◆ Input records
====

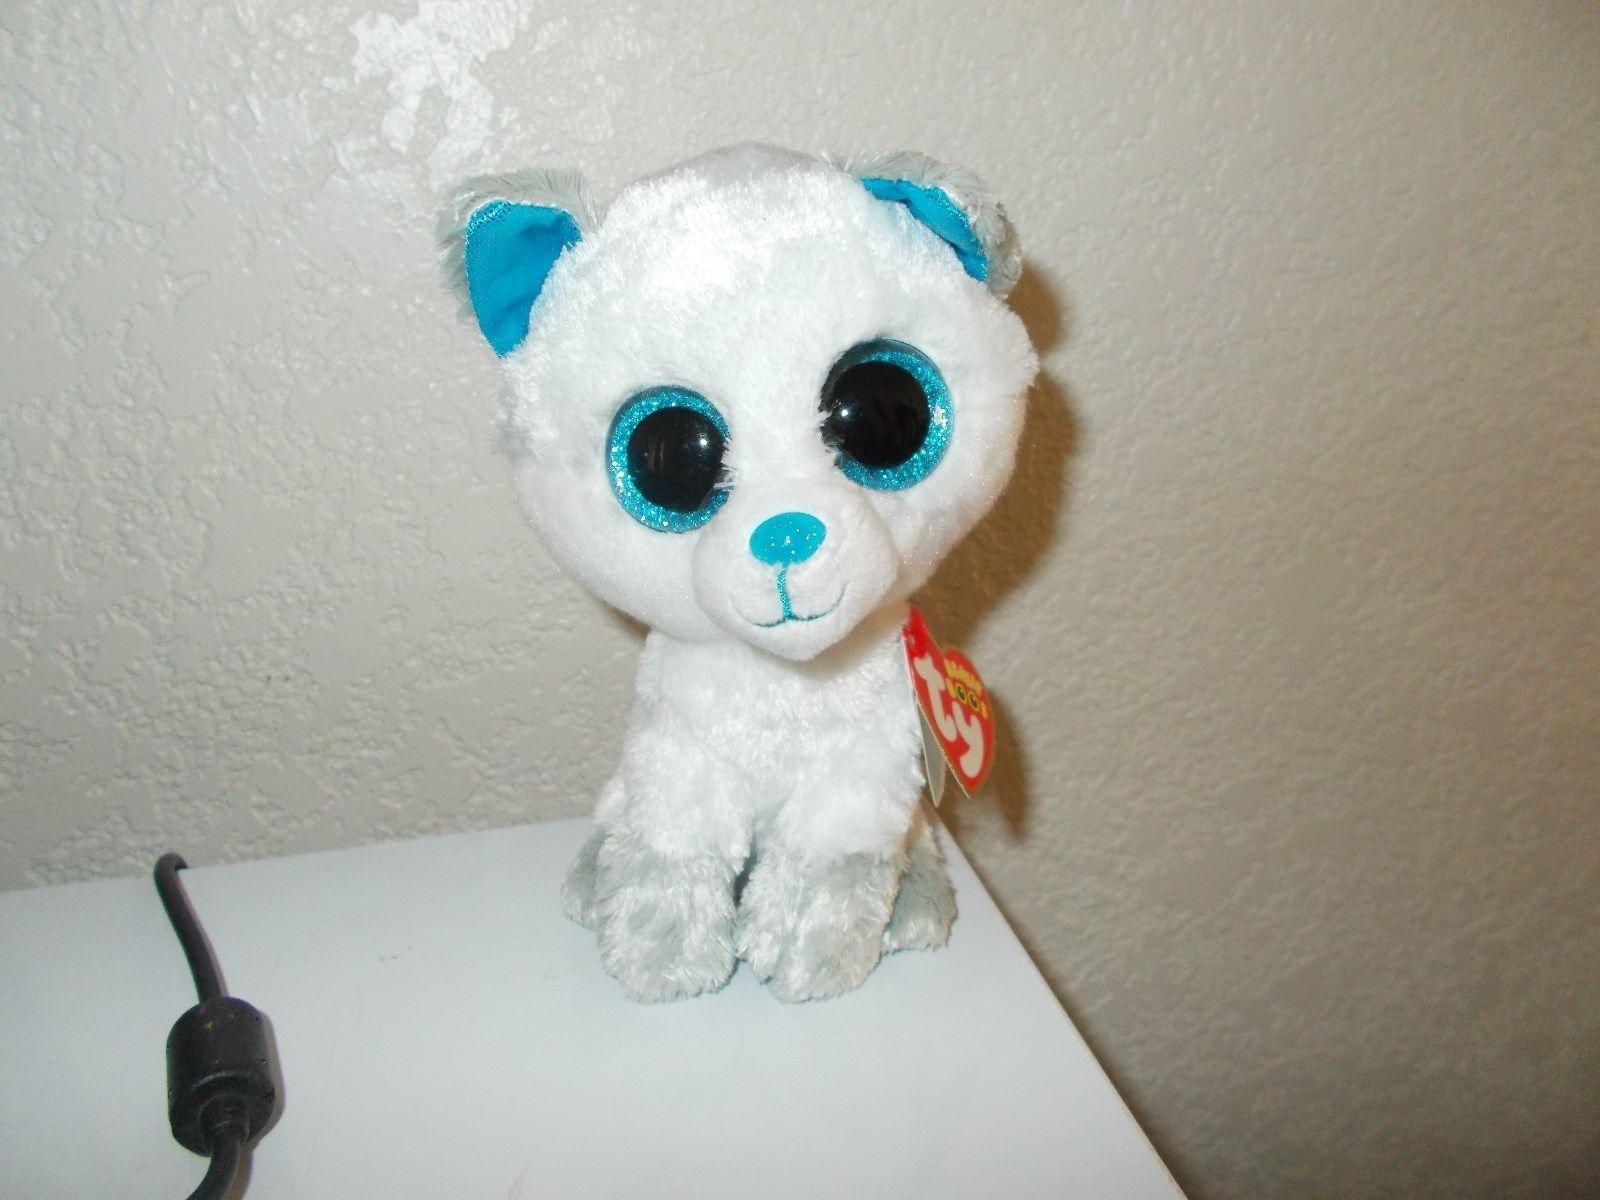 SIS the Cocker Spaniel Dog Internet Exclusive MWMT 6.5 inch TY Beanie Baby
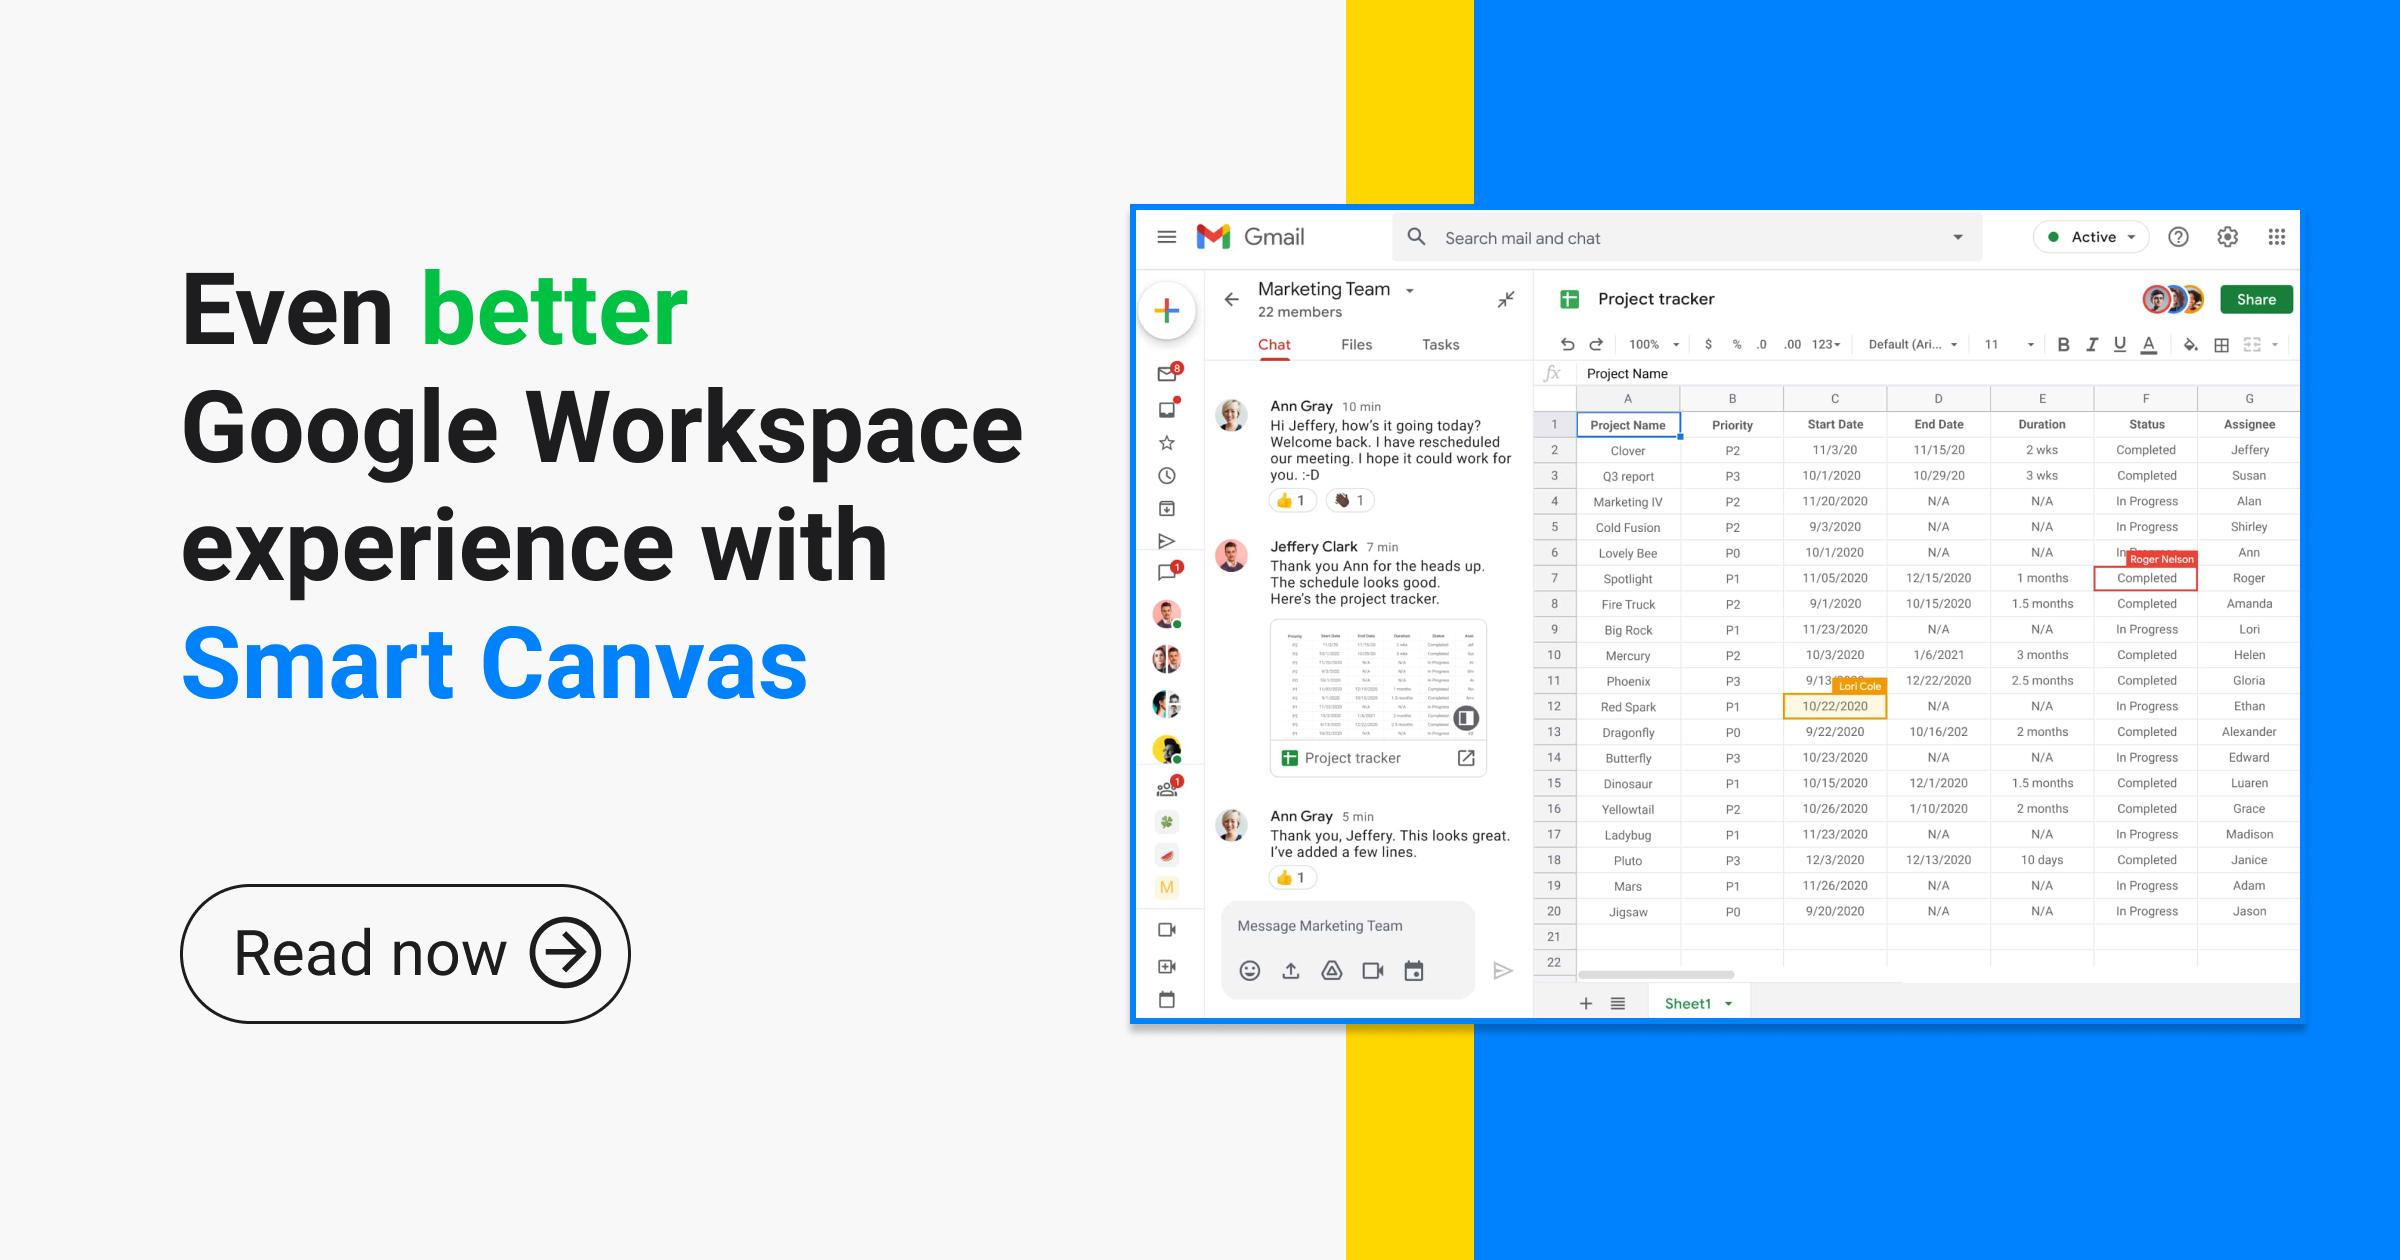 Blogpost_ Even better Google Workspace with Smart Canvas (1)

====

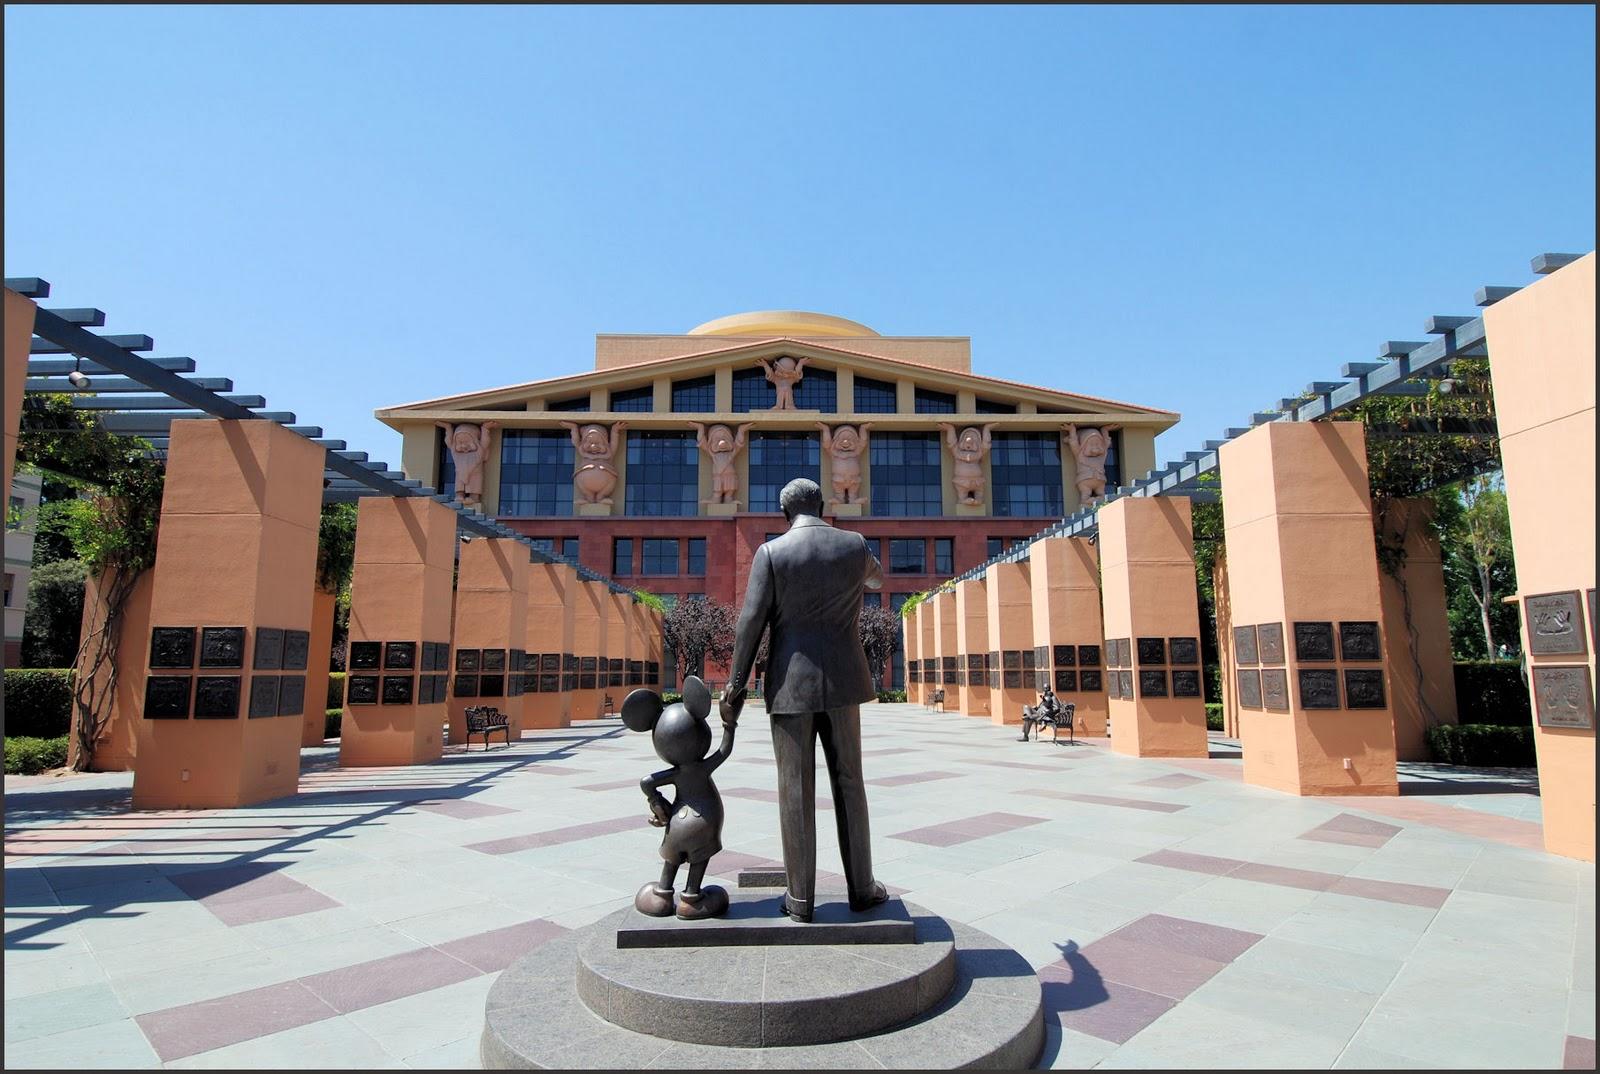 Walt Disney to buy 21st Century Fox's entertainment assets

====

◆ Directions for this task
In the listing above, find the line with "SIS the Cocker" and the line with "Blogpost_ Even better". Copy exactly those lines and all between them, minus the images.

◆ Written reply
 SIS the Cocker Spaniel Dog Internet Exclusive MWMT 6.5 inch TY Beanie Baby
 Blogpost_ Even better Google Workspace with Smart Canvas (1)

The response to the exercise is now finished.